Part two is that advertising is ugly and distracting on a page. I wanted a pure reading experience, one that is, from the outset, unbiased and direct. Removing all ads and designing a site that need only give room to the pixels I choose 4 : that’s the ultimate goal.

And that, my friend, is the way it should work. It is a simple plan.

Pricing

The pricing is pretty simple: $4 a month. That gets you everything, ad free, without delay.

It’s automatically billed through Stripe. Yep, no need to have to deal with PayPal for either of us. You sign up on my site, you get processed by Stripe, and you can cancel your account right here on my site. So you need only to come here if you want to cancel — it’s one click — no trying to figure how to cancel.

Once you sign up you immediately get login credentials, a unique (to you) RSS feed for all the posts, and you are on your way.

Changes to My Writing

Before I wrap this up: the writing here is going to change.

I can’t buy new things to review unless I have the money to do so — so that may taper off for a bit until the membership base (hopefully) grows. Also, since I am not worried about the timeliness of my linked items and articles, I am going to try and write all of them with a lasting and value added motivation (keen readers may have noticed that my commentary has slowly been getting longer on linked list posts — this is what I am talking about).

Linking to a post and commenting “cool” is now against my own rules. If I can’t add value to a link with thoughtful analysis and opinion, then that post isn’t getting a link on this site.

If my article or review won’t be as helpful in seven days as it is today, then it’s not worth posting at any point.

I am going to hold myself to a higher standard. 5

That’s a Wrap

Enjoy the tweaked design. Enjoy the lack of ads.
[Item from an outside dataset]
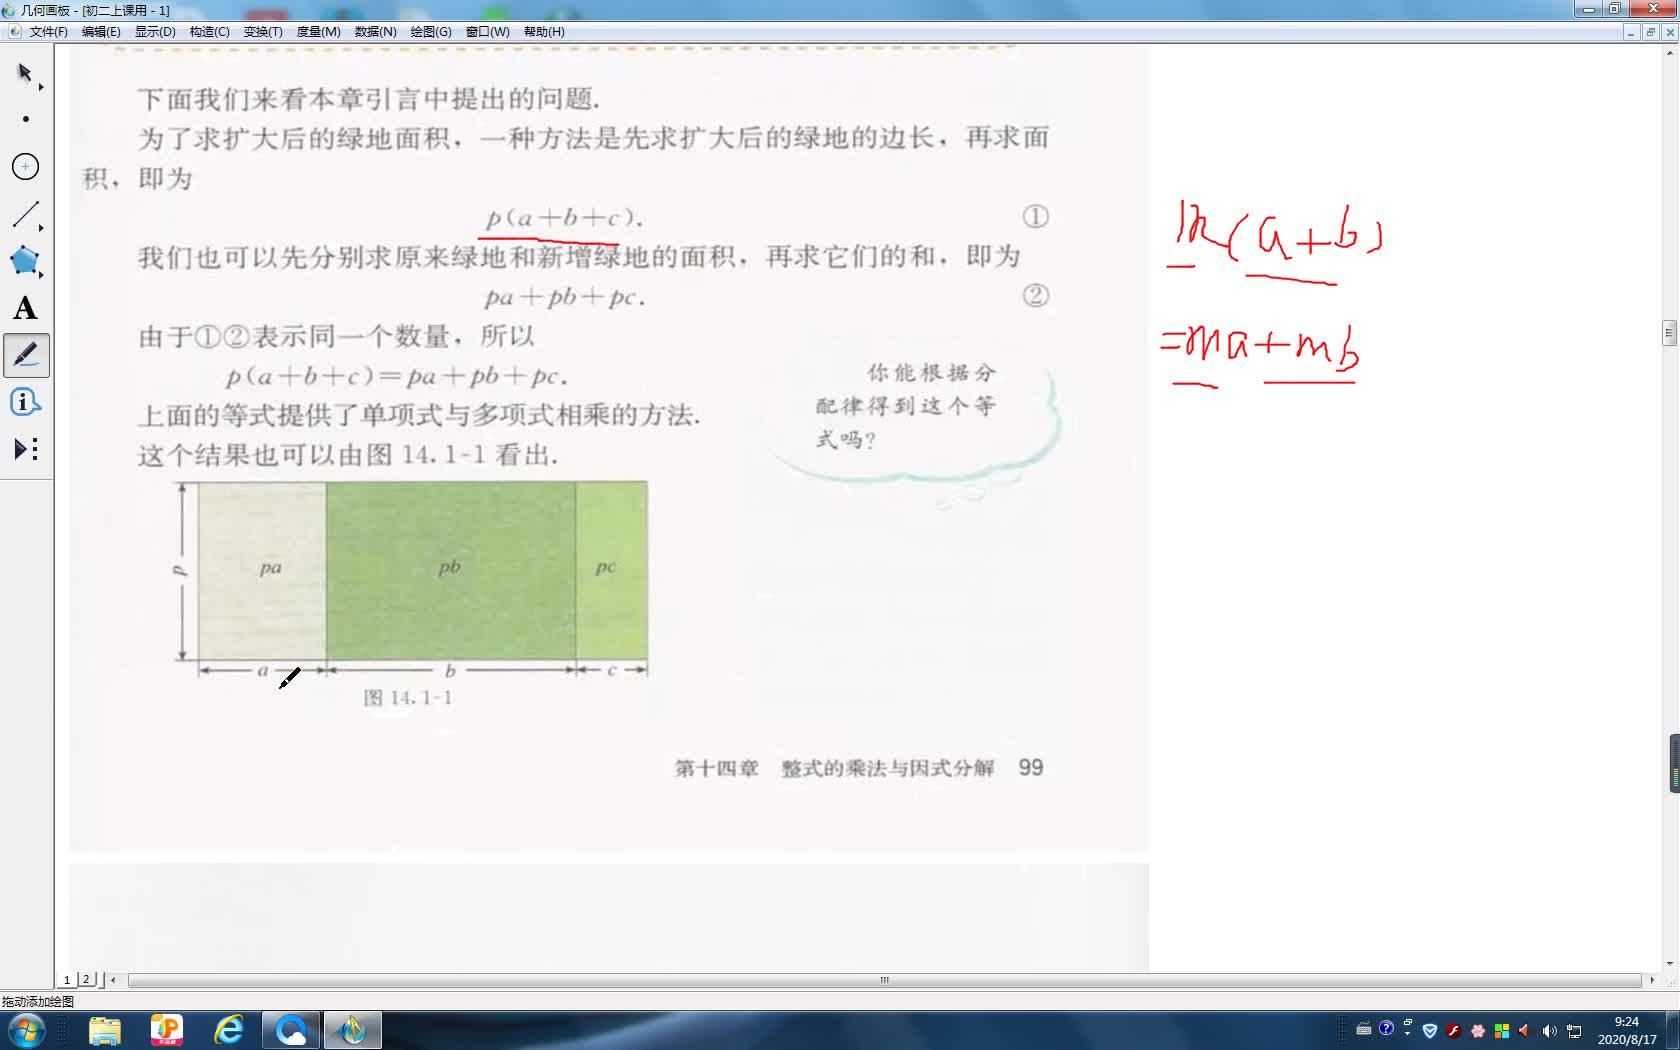 14.1.4整 式乘法(2)[来自e网通极速客户端]人教版八年级上册 14.1.4整式乘法(2) 视频讲解人教版八年级上册 14.1.4整式乘法(2) 视频讲解

Become a member if you can and want to.

A big thanks to JR Tashjian for the coding.

And a huge thank you to all of you — regardless of whether you become a member or not.

To join up, go here.

Programming Note

Just a heads up on a couple of things:

  1. Because of the new 7-day rule, this site would be a wasteland for the next 7 days if you aren’t a member. Of course that wouldn’t be OK with me, so I will be passing one post a day through the paywall for all to read. It will just be one of the linked list posts that I normally post — no articles. Now, this causes another problem to anyone that reads the site by visiting just the homepage: new posts will be appearing intermixed with the posts I pass through the paywall for a week, meaning the chronology of things will be messed up on the homepage for non-members. Sorry about that, but this is the best, albeit hacky, solution I could think of.
  2. If you use Twitter as your RSS reader, and Twitter is how you look to get updates on new posts, well things are going to be a bit different now. Non-members will still see tweets on the @brooksreview account, but they will show up (hopefully) when the actual posts are available for non-members to read. For members, the best solution I could come up with is a protected Twitter account @TBRmembers — request to follow that and if you are a member I will grant access.
  1. There are still Amazon Affiliate links, but those are still you directly deciding to pay me by using them.
  2. Thus opening up a loophole for less than quality individuals to exploit, but I have provisions in place for this — don’t worry.
  3. If you notice a bug in this at all, or feel I have unfairly blacklisted your site — just get in touch.
  4. Because I didn’t get a say in what the square Fusion ads look like.
  5. Additionally I will not be accepting promo codes for apps any longer either. Again, I want nothing influencing me. I will still be accepting beta invitations, but will always say so when writing about an app. The reason for accepting beta invites is simple: I feel I pay for a beta invite in the form of my direct feedback to the developer.